If the null hypothesis of no distributional change is rejected by our tests, it is of 
interest to estimate the point in the observation sequence at which such change occurred. 
Although our tests alone do not provide the information needed to localize a change 
point, we develop a follow-on procedure that satisfies this objective. Our procedure 
consists of fitting a series of broken-line regressions to standardized counts of edges that 
associate a given observation to those occurring earlier in the sequence, using 
hypergeometric distributions that apply if the null hypothesis of no distributional change 
were true. The break point of the broken-line regression that minimizes the sum of 
squared errors is taken as the change-point estimator. We evaluate the performance of 
this estimator in a series of simulation vignettes and find that its accuracy reflects the 


power of the procedure that was used to conduct the original hypothesis test. 

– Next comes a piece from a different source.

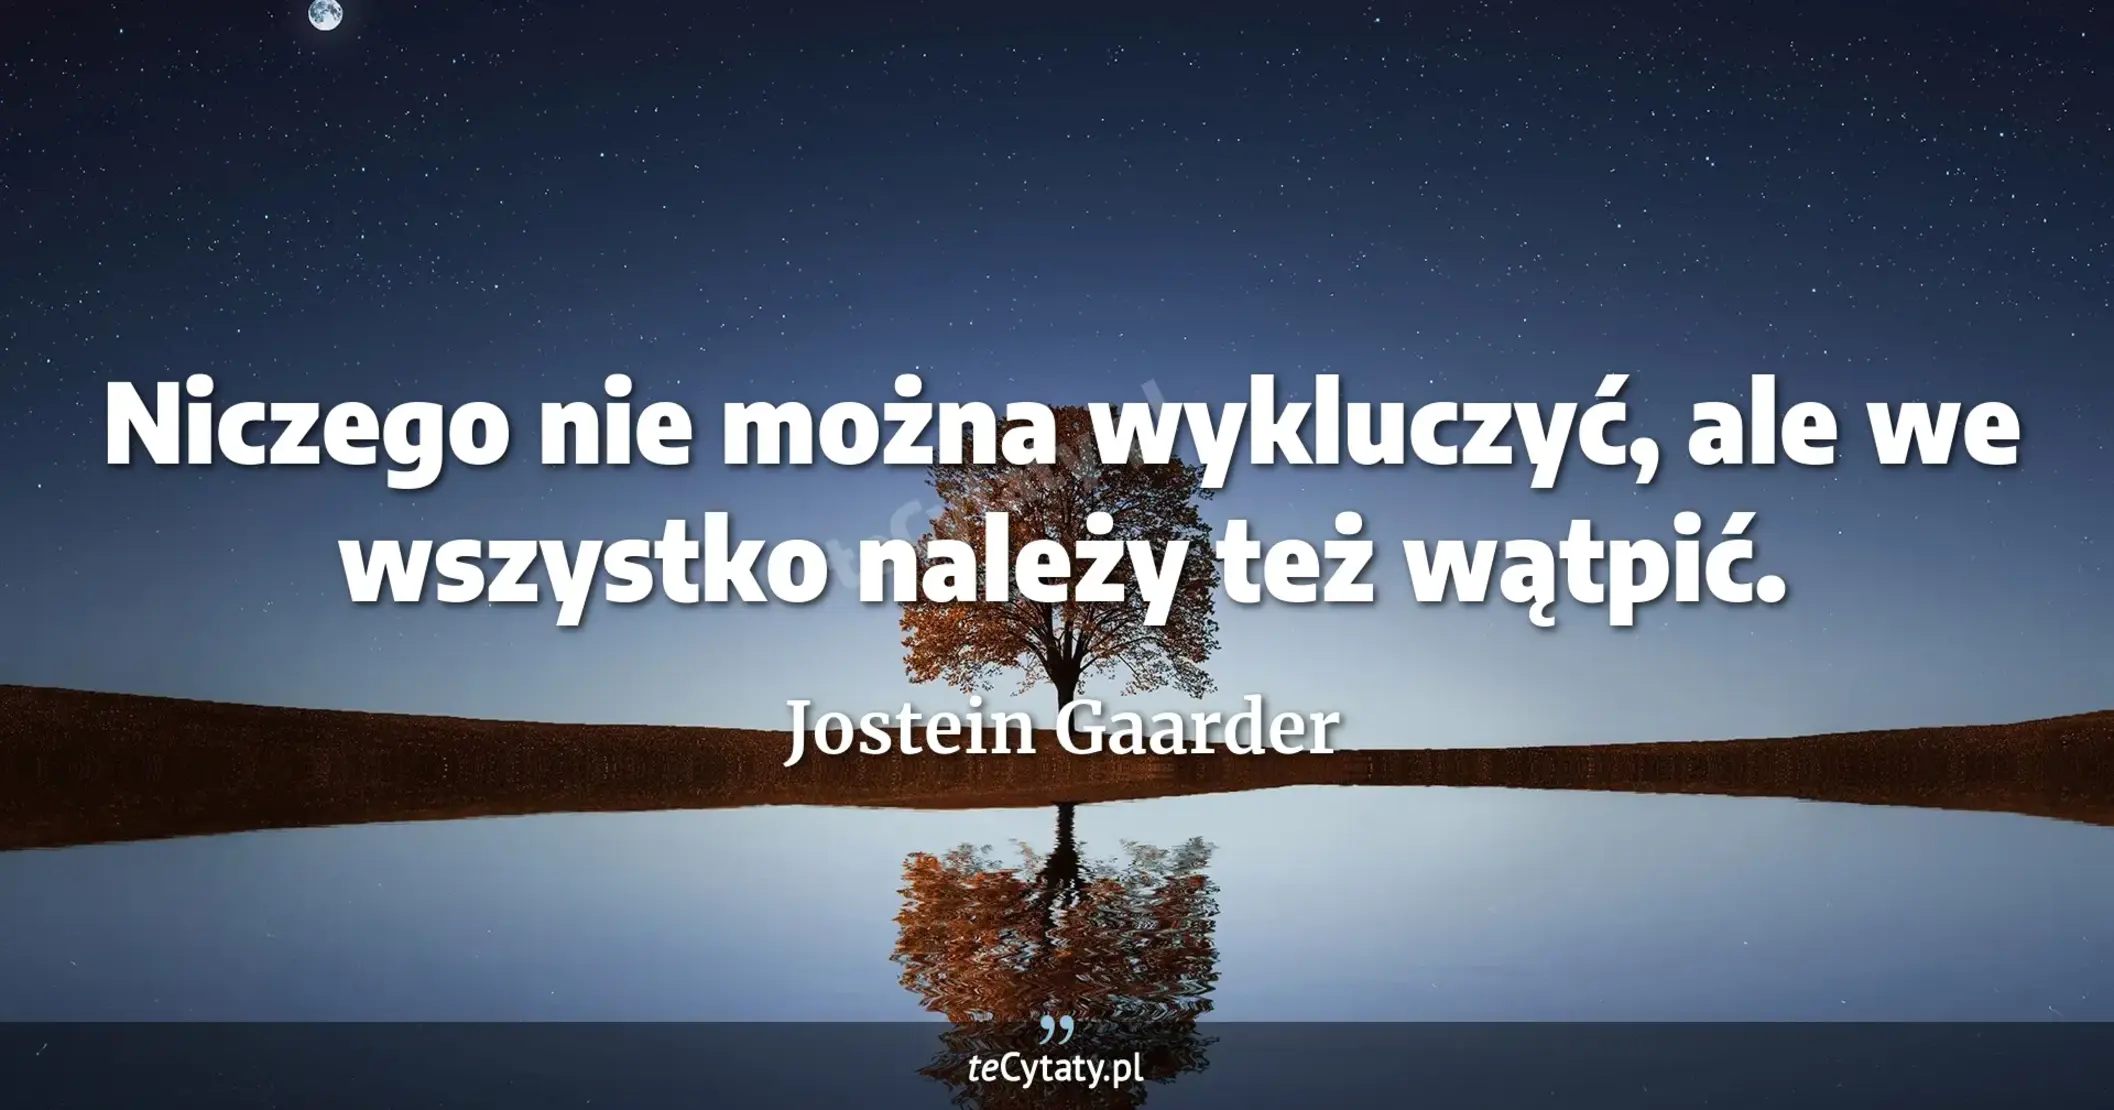 Niczego nie można wykluczyć, ale we wszystko należy też wątpić. - Jostein Gaarder

There are limitations to the applicability of the graph-theoretic statistical 
procedures that we propose. First, these procedures are designed for independently 
sampled observations, an assumption that frequently is violated in practice. Second, these 
procedures are powerful in detecting any type of distributional change, including those 
for which detection may not be desired. And third, these procedures are not designed for 
real-time implementation. In some cases, it is possible to surmount these limitations, 
which we demonstrate with an application of our procedures to the fire-detection data of 
Gottuk et al. (2002). The presence of a set of control data allows the fitting of a time- 
series model, based only on current and past observations, that removes much of the 
temporal dependence. Low-level stimuli that affect the sensors but do not justify the 
setting of an alarm are handled by filtering with a scatterplot smoother that is truncated at 
a determined threshold value. And, although we process the data off-line in batches, we 


do so in a manner that near-real time detectability may be possible.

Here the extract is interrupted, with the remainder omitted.